The Monaco iGaming conference in Monte Carlo is generating interesting perspectives and opinions on the recently liberalised French market, and the perceived problems of high taxation and low limits on player payouts.
This week the newly appointed chief executive of 888.com's b2b arm Dragonfish, David Zerah opined that the taxation being imposed on French-licensed operators had probably gone a little too far and could detract from the advantages of entering the French market from a profits point of view.
He wasn't the only one; Alexandre Dreyfus of the ChiliGaming group said that although the industry was glad to see a more progressive approach from the French, it was desirable that casino games be included in the licensing spectrum, and that taxation be reduced. He pointed out that 40 percent of revenues was "painful" for operators, but added that there was an opportunity in the French market to expand and build effective brands.

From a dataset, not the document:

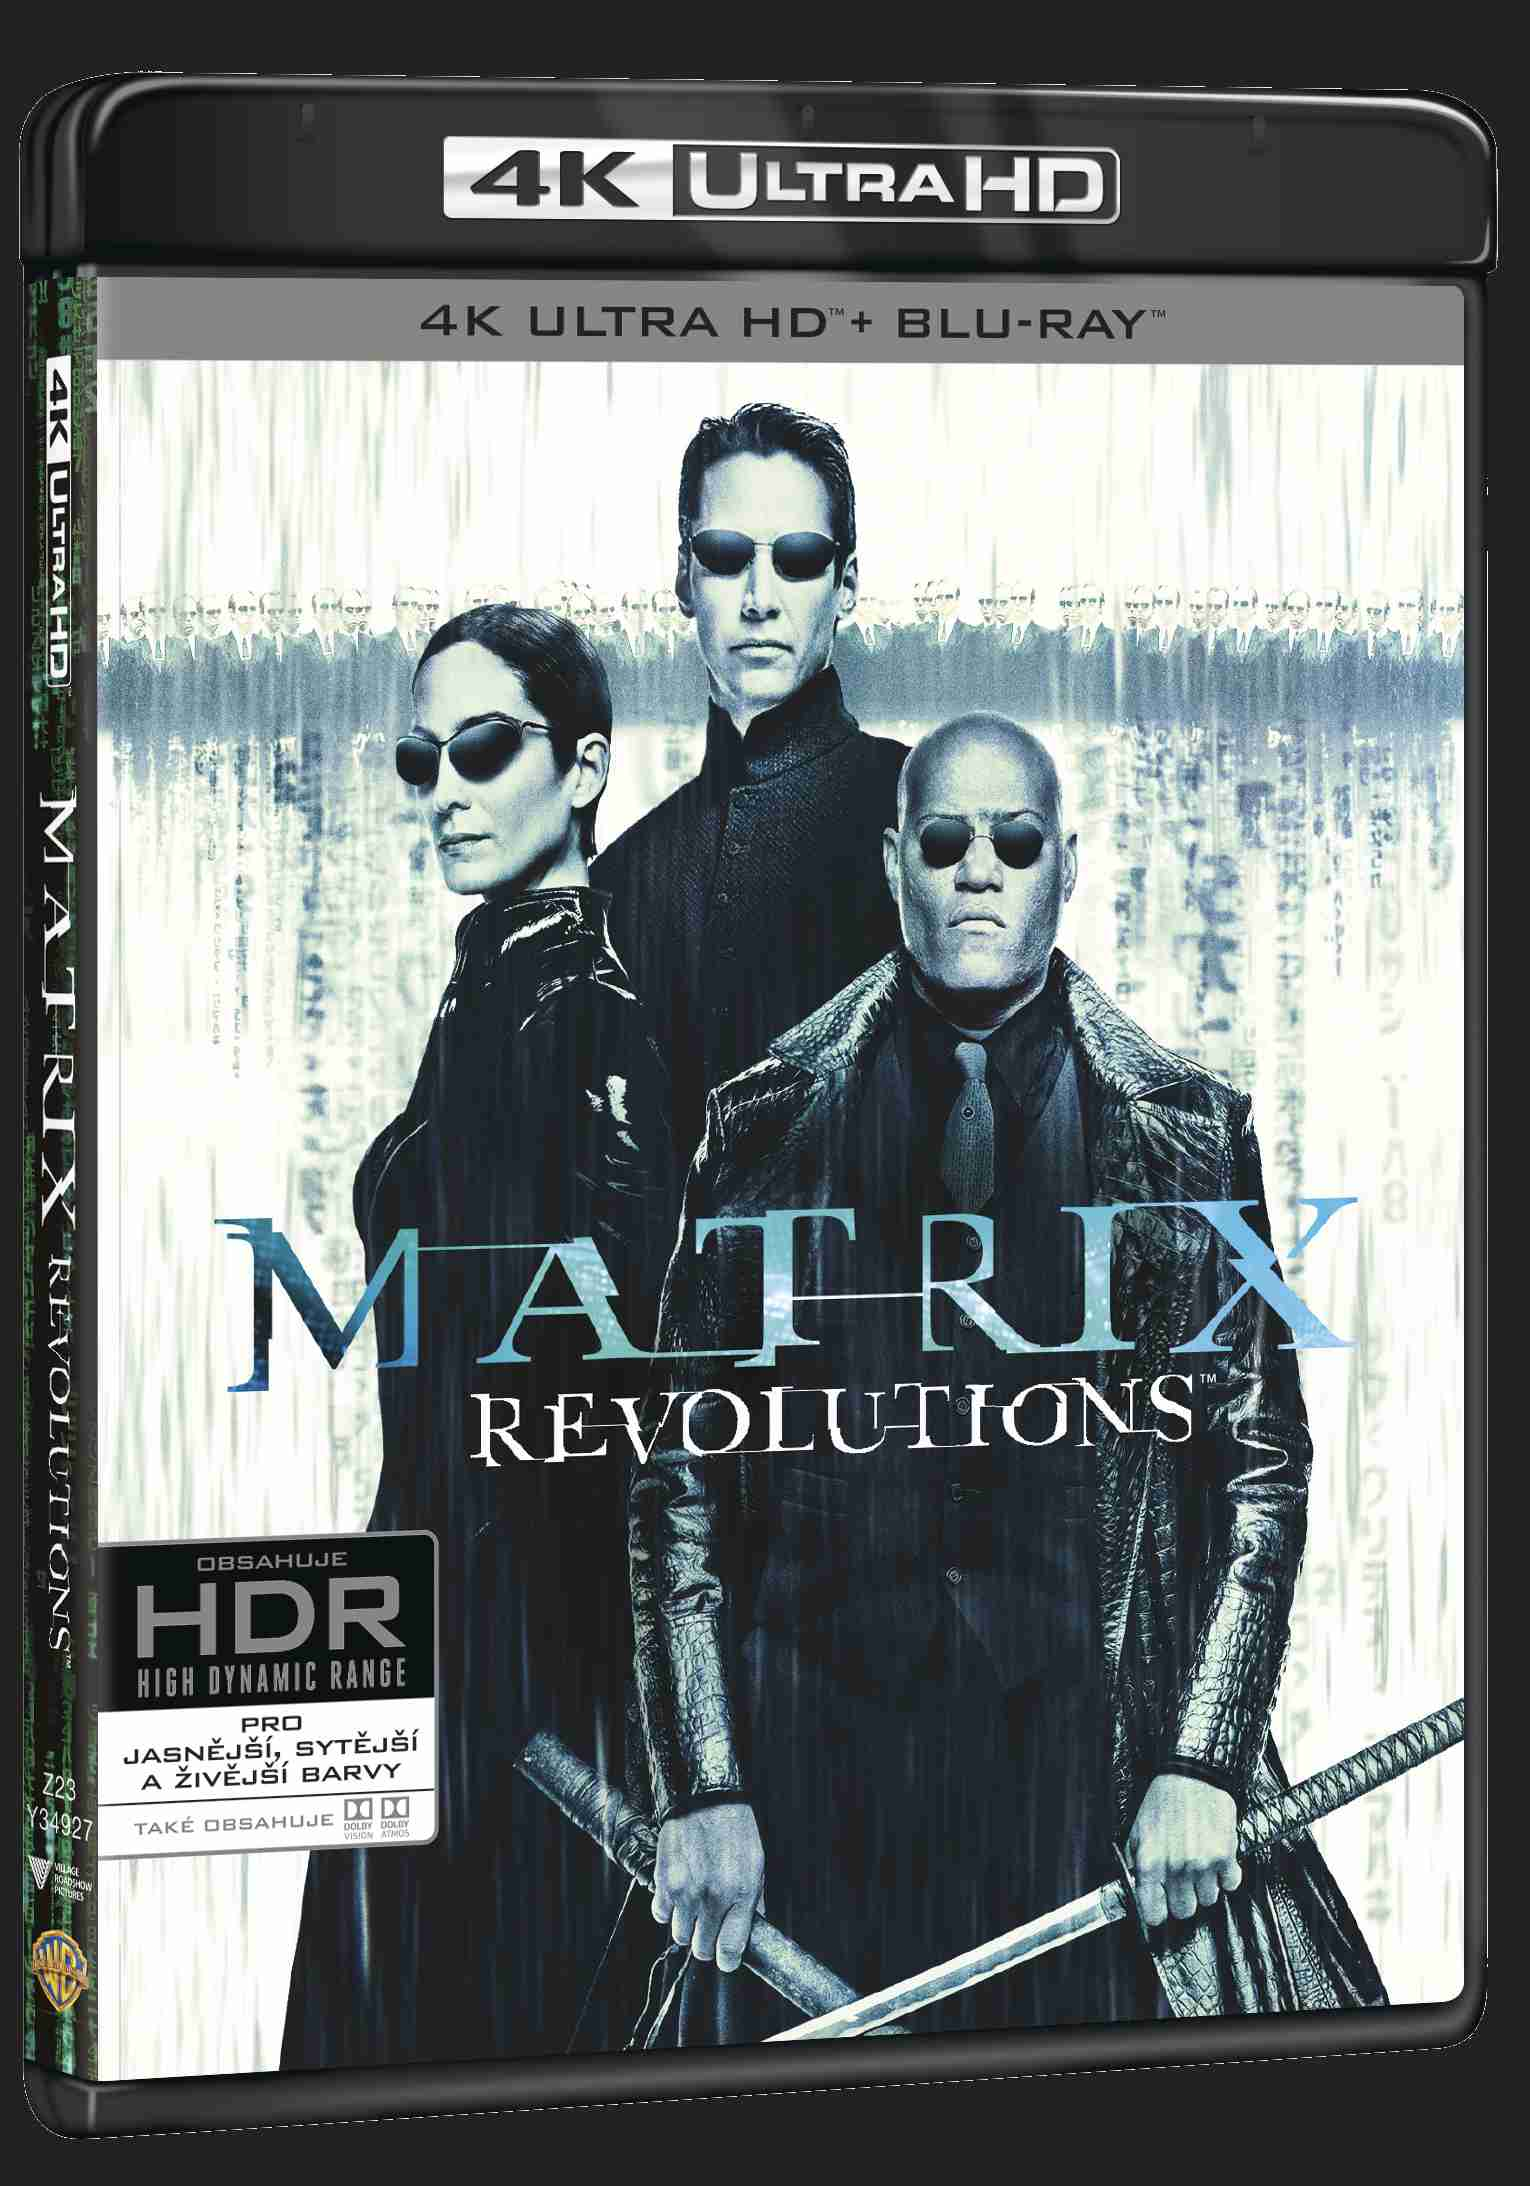 Matrix Revolutions (4K ULTRA HD) - UHD Blu-ray + Blu-ray + Bonus disc (3 BD)

Nicolas Beraud, the chief executive for the French Mangas Gaming group was concerned at the regulatory limit of 85 percent on what operators are allowed to pay back to players. Although this was designed to protect the consumer, it was proving to have the opposite effect by sending players to foreign sites offering better and more competitive returns, he observed.
Zeturf CEO Emmanuel de Rohan Chabot was also concerned about high tax levels and the 85 percent limit on payback, which was making the retention in the French market of French gamblers "very hard." He said that his company's experience was that the average gambler was losing around Euro 110 a month instead of the previous Euro 60 a month pre-liberalisation, and that the payback limit had to be regarded as a failure in terms of consumer protection.
Tarquin Henderson, a senior marketing exec from Mangas Gaming, pointed out that regulators ought to consider consumer perceptions of the market in order to fully realise the benefits of a more open gambling environment. The customer will choose what best suits him or her, he noted, adding that if the experience was unfavourable due to overly complicated use and unnecessary obstacles to play, or if he or she was getting less value from the gambling experience, then the punter would go elsewhere.
There has to be a sensible balance between consumer protection and providing an entertaining and fair gambling environment, he opined, warning that too extreme a positioning either way could lead to failure.
PMU's chief of international development, Aymeric Verlet, appeared to feel that clamping down on illegal operators was a more immediate priority than payback and tax issues. He argued that if illegal operators were prevented from operating in the French market, licensed operators could live with the tax issue.